Das ist eine fiktive Kurzgeschichte


Der nasskalte Morgen in Berlin begann mit einem heftigen Regenschauer.




Mittlerweile war es Ende Februar geworden, und der Winter befand sich immer mehr auf dem Rückzug. Dagegen verdeckten graue Regenwolken die meiste Zeit den den trüben Himmel über dieser deutschen Metropole und die allgemeinen Temperaturen waren eigentlich zu warm für diese Jahreszeit.




Die Menschen regten sich allerorten über das schlechte Wetter auf. Nichtsdestotrotz mussten sie es hinnehmen wie es war und sich damit zufrieden geben, was die Natur für sie an Klimakapriolen bereit hielt.

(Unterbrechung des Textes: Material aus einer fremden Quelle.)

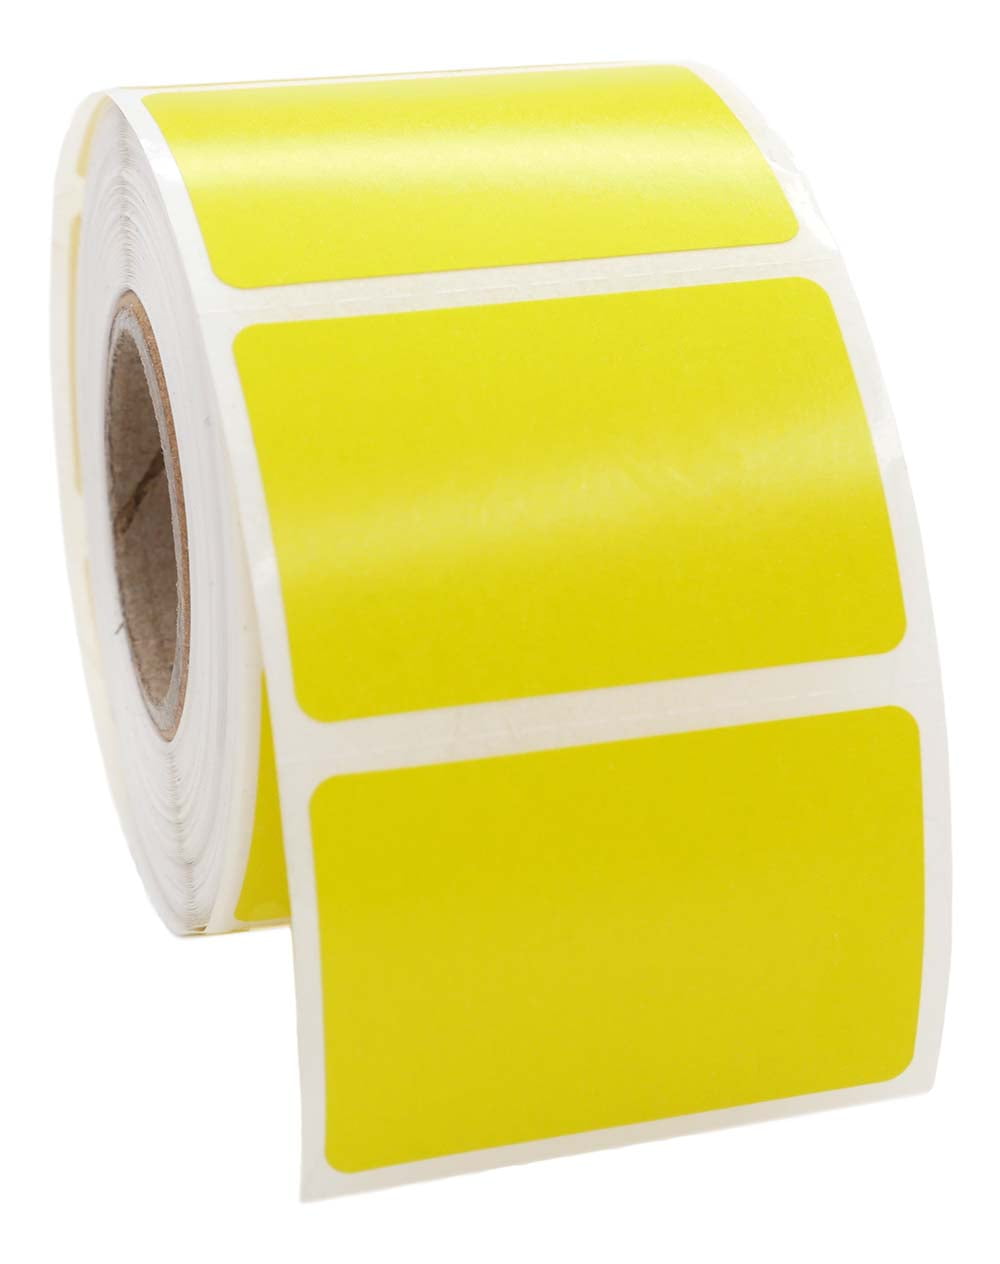 12 Rolls 2.25x1.25 Direct Thermal Barcode Label for Zebra LP2824 TLP2824Z LP2844 
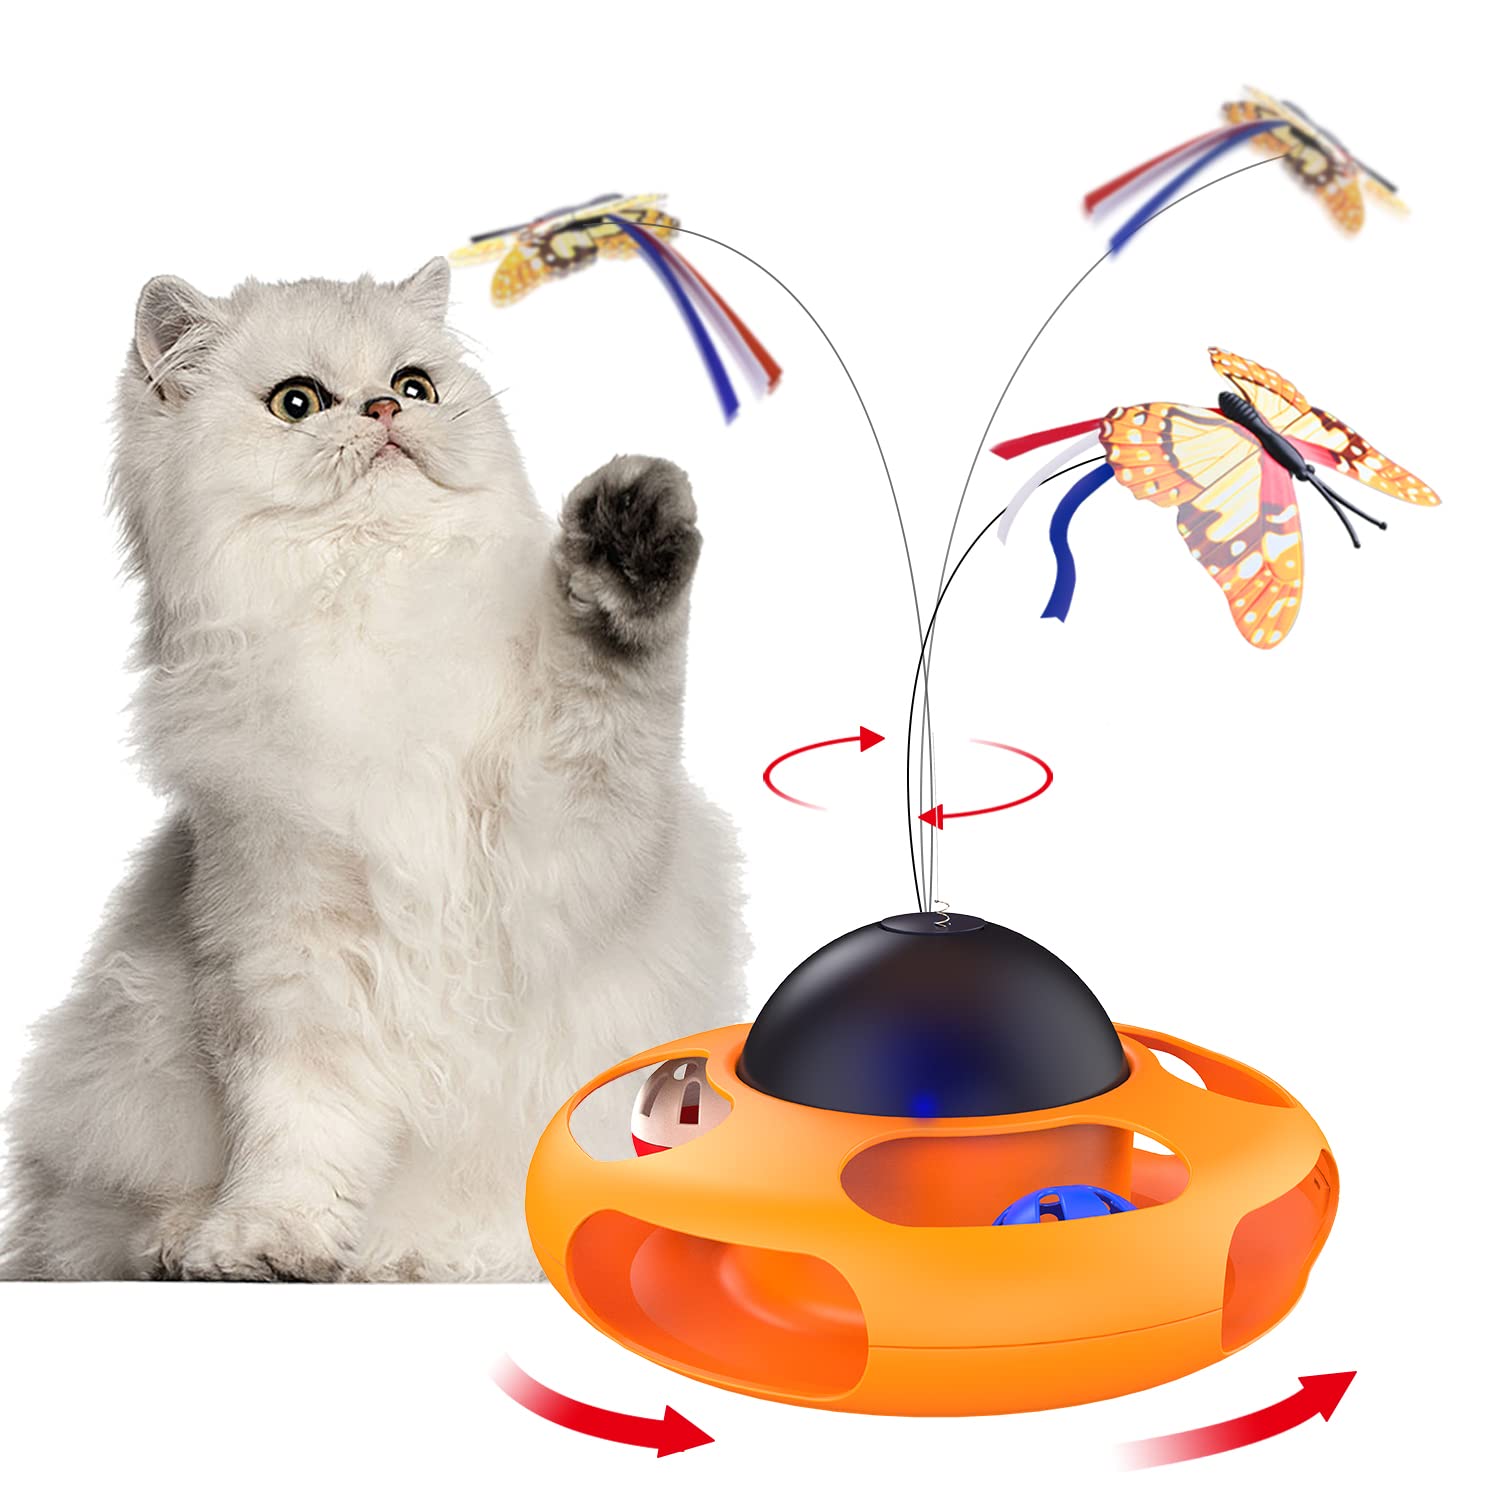 orange kitten playing energetically with interactive cat toy

Wegen des miesen Morgenwetters hasteten die Stadtbewohner mit hochgezogenen Schultern und eng anliegenden Mantelkragen durch den stickigen Dschungel aus Straßen und Gebäuden. Niemand hatte auch nur einen Blick für den anderen. Deshalb bemerkte auch keiner die Gestalt, die aus einem altmodisch aussehenden Auto stieg und wie beiläufig in der regennassen Umgebung aufmerksam herumschaute.




Ein paar Sekunden später ging die Person ans Ende des geparkten Fahrzeuges, öffnete den Kofferraumdeckel und holte eine länglich aussehende, schwarze Tasche heraus. Die ominöse Gestalt, ein etwa fünfunddreißig Jahre alter Mann, schulterte das Gepäckstück und steuerte schließlich direkt auf den Eingang eines ziemlich herunter gekommenen Hotels zu, das in einer dunklen, nur diffus beleuchteten Seitenstraße lag.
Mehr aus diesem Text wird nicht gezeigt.